Thomas Andreas, Brinkkötter Paul, Schänzer Wilhelm, Thevis Mario
Center for Preventive Doping Research and Institute of Biochemistry, German Sport University Cologne, Am Sportpark Müngersdorf 6, 50933, Cologne, Germany.
Department II of Internal Medicine and Center for Molecular Medicine Cologne, University of Cologne, Cologne, Germany; Department of Geriatric Medicine, St. Marien-Hospital, Cologne, Germany.
Anal Chim Acta. 2015 Oct 15;897:53-61. doi: 10.1016/j.aca.2015.09.036. Epub 2015 Oct 9.
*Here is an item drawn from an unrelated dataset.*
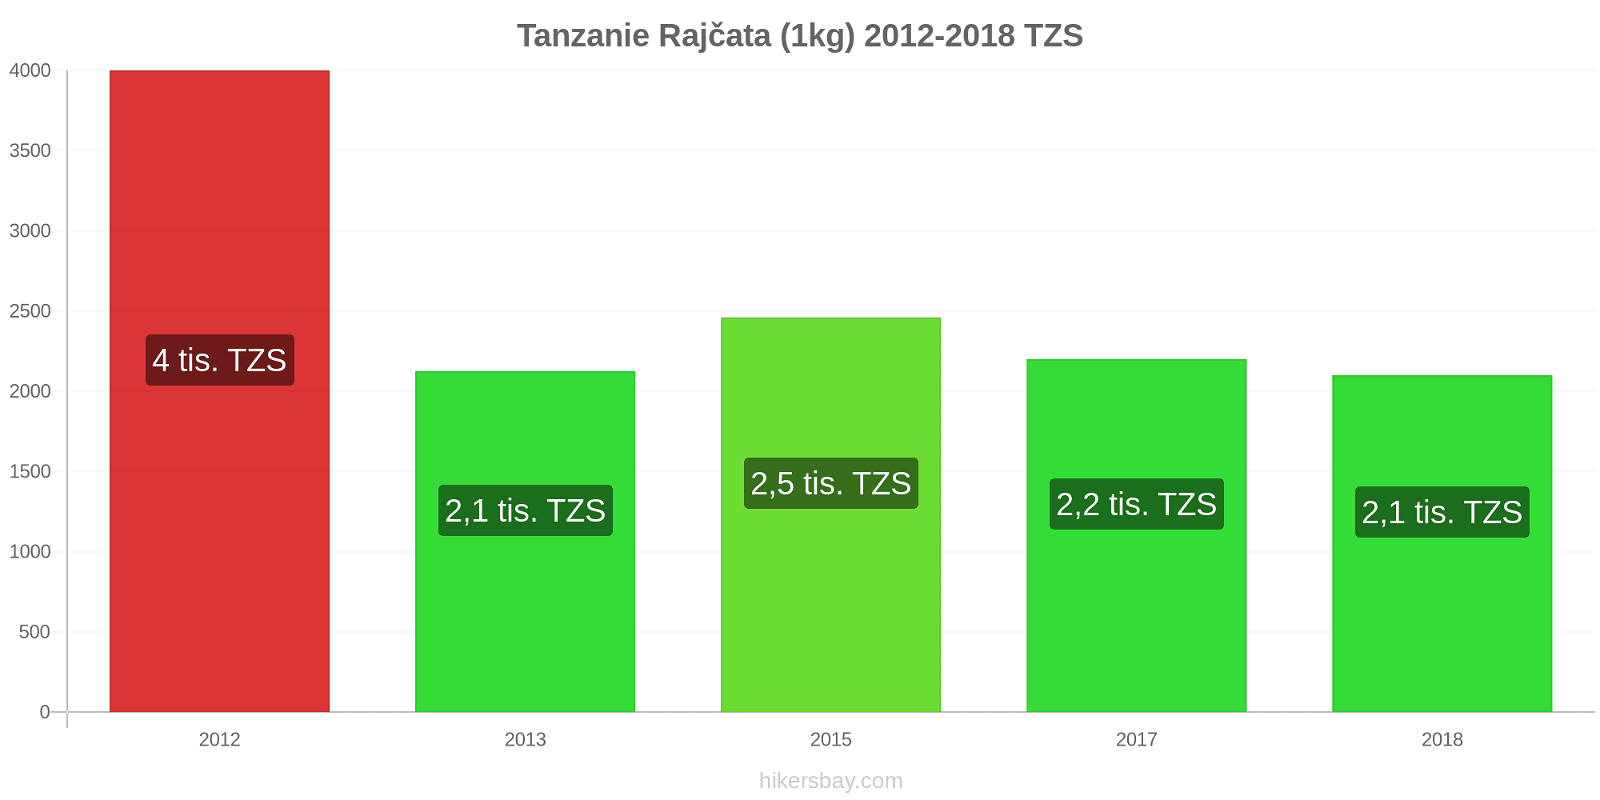 Tanzanie změny cen Rajčata (1kg) hikersbay.com

The misuse of insulin for performance enhancement in sport or as toxic agent has frequently been reported in the past. In contrast to synthetic insulin analogues, the administration of recombinant human insulin is hardly recognized by mass spectrometry. The present study was designed to uncover the misuse of recombinant human insulin for doping control purposes as well as for forensic applications. It is hypothesized that an altered metabolite profile of circulating insulin prevails after subcutaneous administration due to exposure of insulin to epidermal proteases. In vitro experiments with skin tissue lysates (S9 fraction and microsomes), different biological fluids (urine, serum, plasma) and recombinant human insulin were performed and the deriving metabolites were characterized by liquid chromatography coupled to high resolution mass spectrometry (HRMS). Afterwards, authentic blood samples of patients suffering from diabetes mellitus and a control group of healthy humans were analysed. Therefore, a method using protein precipitation, ultrafiltration and antibody-coated magnetic beads for purification with subsequent separation by nano-scale liquid chromatography coupled a Q Exactive mass spectrometer was applied. Several metabolites of insulin with C-terminally truncated sequences of the B-chain (and A-chain in minor extent) were identified within this study. Here, the DesB30 human insulin represents the major metabolite in all experiments. This metabolite is frequently found in urine samples due to degradation processes and, thus, disqualifies this matrix for the intended purposes. In contrast, blood samples do commonly not contain DesB30 insulin, which was corroborated by data obtained from the control group. In post-administration blood samples, minute but distinct amounts (approx. 50 pg mL(-1)) of DesB30 insulin were found and suggest the use of this analyte as potential marker for subcutaneous human insulin administration, supporting the attempts to uncover illicit recombinant human insulin administrations.
过去经常有关于在体育运动中滥用胰岛素以提高成绩或将其用作有毒物质的报道。与合成胰岛素类似物不同,重组人胰岛素的给药很难通过质谱法识别。本研究旨在揭示重组人胰岛素在兴奋剂检测以及法医应用中的滥用情况。据推测,皮下给药后,由于胰岛素暴露于表皮蛋白酶,循环胰岛素的代谢产物谱会发生改变。对皮肤组织裂解物(S9组分和微粒体)、不同生物体液(尿液、血清、血浆)和重组人胰岛素进行了体外实验,并通过液相色谱与高分辨率质谱联用(HRMS)对衍生代谢产物进行了表征。之后,对糖尿病患者的真实血样和健康人类对照组进行了分析。因此,采用了一种使用蛋白质沉淀、超滤和抗体包被磁珠进行纯化,随后通过纳米级液相色谱与Q Exactive质谱仪联用进行分离的方法。在本研究中鉴定出了几种胰岛素的代谢产物,其B链(在较小程度上还有A链)的C末端序列被截断。在此,DesB30人胰岛素是所有实验中的主要代谢产物。由于降解过程,这种代谢产物经常在尿液样本中发现,因此不符合预期用途的基质要求。相比之下,血样中通常不含DesB30胰岛素,这一点得到了对照组数据的证实。在给药后的血样中,发现了微量但明显的DesB30胰岛素(约50 pg mL(-1)),这表明将这种分析物用作皮下注射人胰岛素的潜在标志物,支持了揭露非法重组人胰岛素给药行为的尝试。